In Munich, 1920 over 2,000 participants hear the party announced a 25 point program. The main authors were Feder, Adolf Hitler, and a third man, Anton Drexler.

14 of 25 points are socialistic.
Collectivism.
Nationalism
Authoritarianism.
Idealism
Economic socialism.
Censorship
Abolition of all income gained by loaning money at interest.
Confiscation of all profits earned by German businesses during WWI.
Nationalization of all corperations.
Profit sharing in large industrial enterprises.
Demands the generous developement of state run old-age insurance.
Immediate socialization of the hure department store, etc, etc.
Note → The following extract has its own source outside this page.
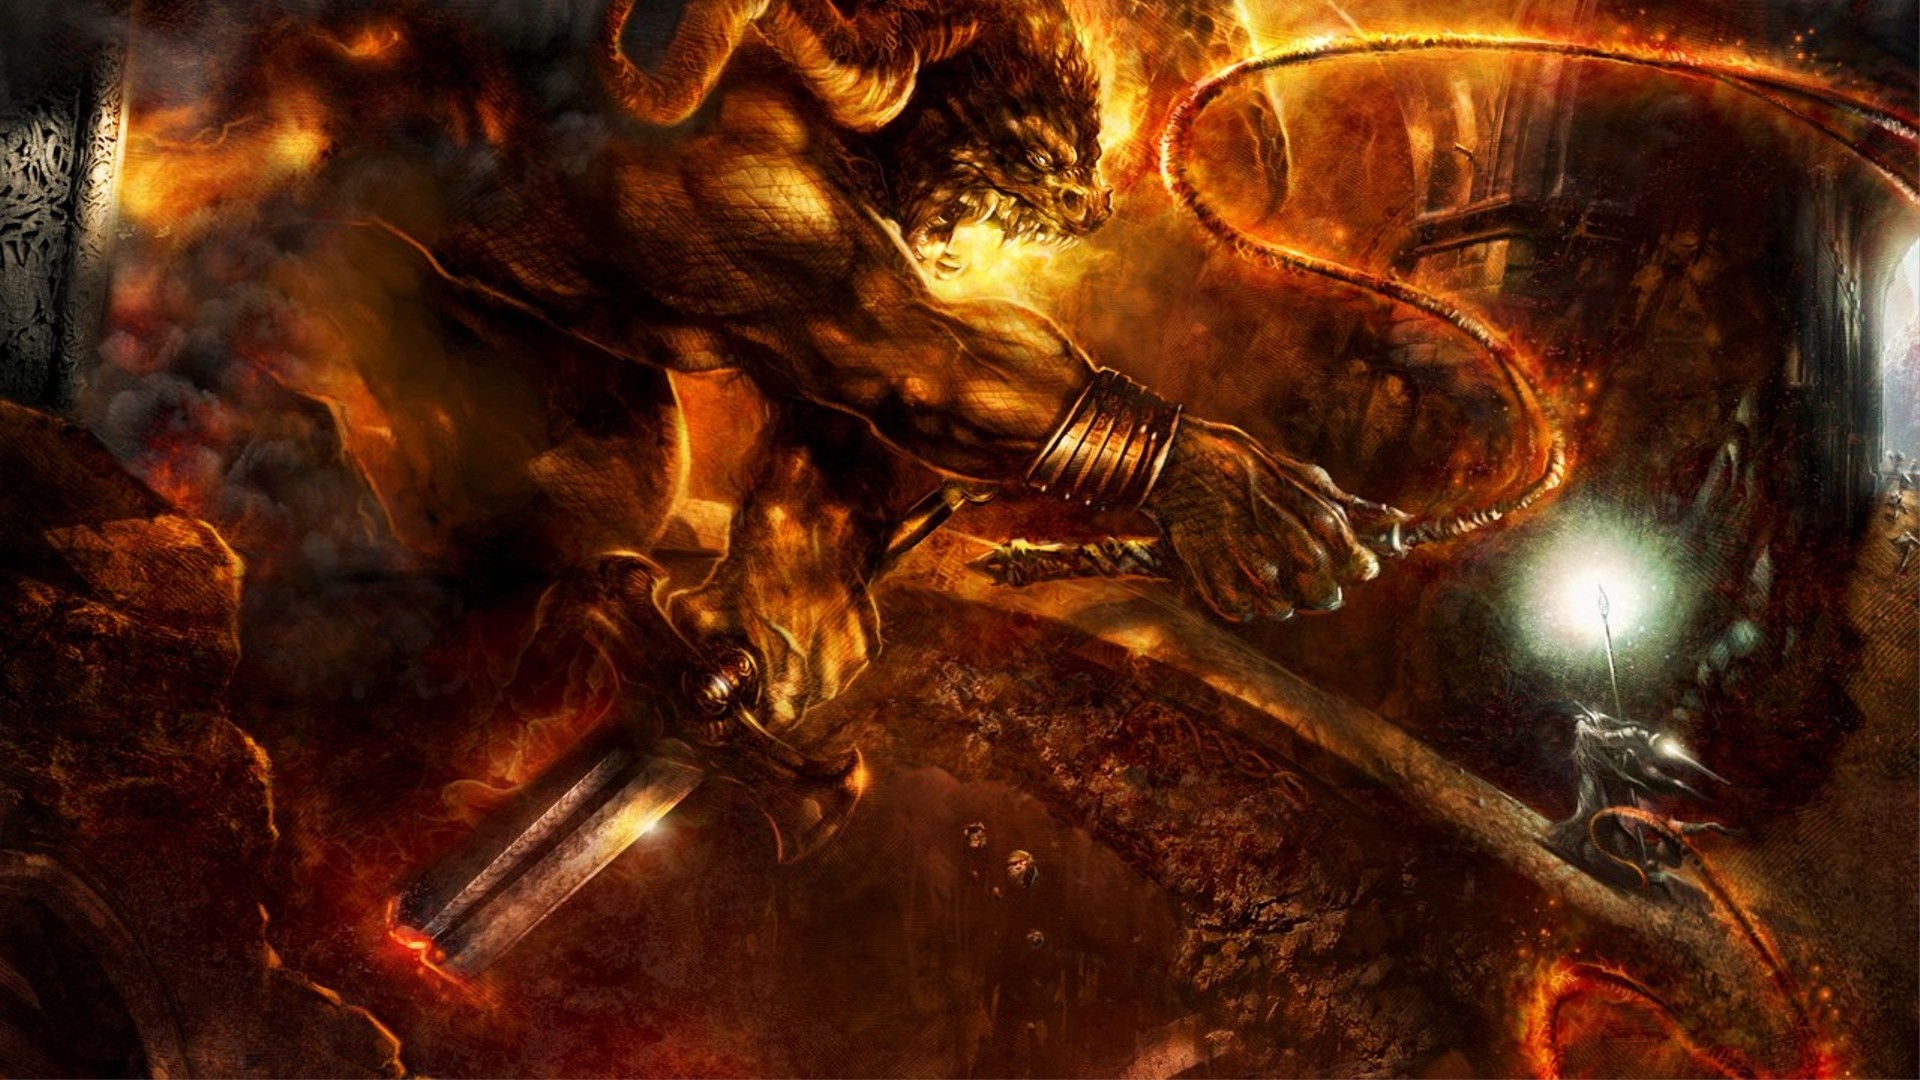 1920x1080 Download Demon Balrog Live Wallpaper for Android - Appszoom

So strong was the Nazi pary commitment to socialiam that in 1921 the party entered into negotiations with another socialist party, the German Socialist Party.In 1927 Hitler made a speech:

"We are socialist, we are enemies of today's capitalistic economic system for the exploitation of the economically weak, with its unfair salaries, with its unseemly evaluation of a human being according to wealth and prosperity instead of resposibility and performance, and we are all determined to destroy this system under all conditions."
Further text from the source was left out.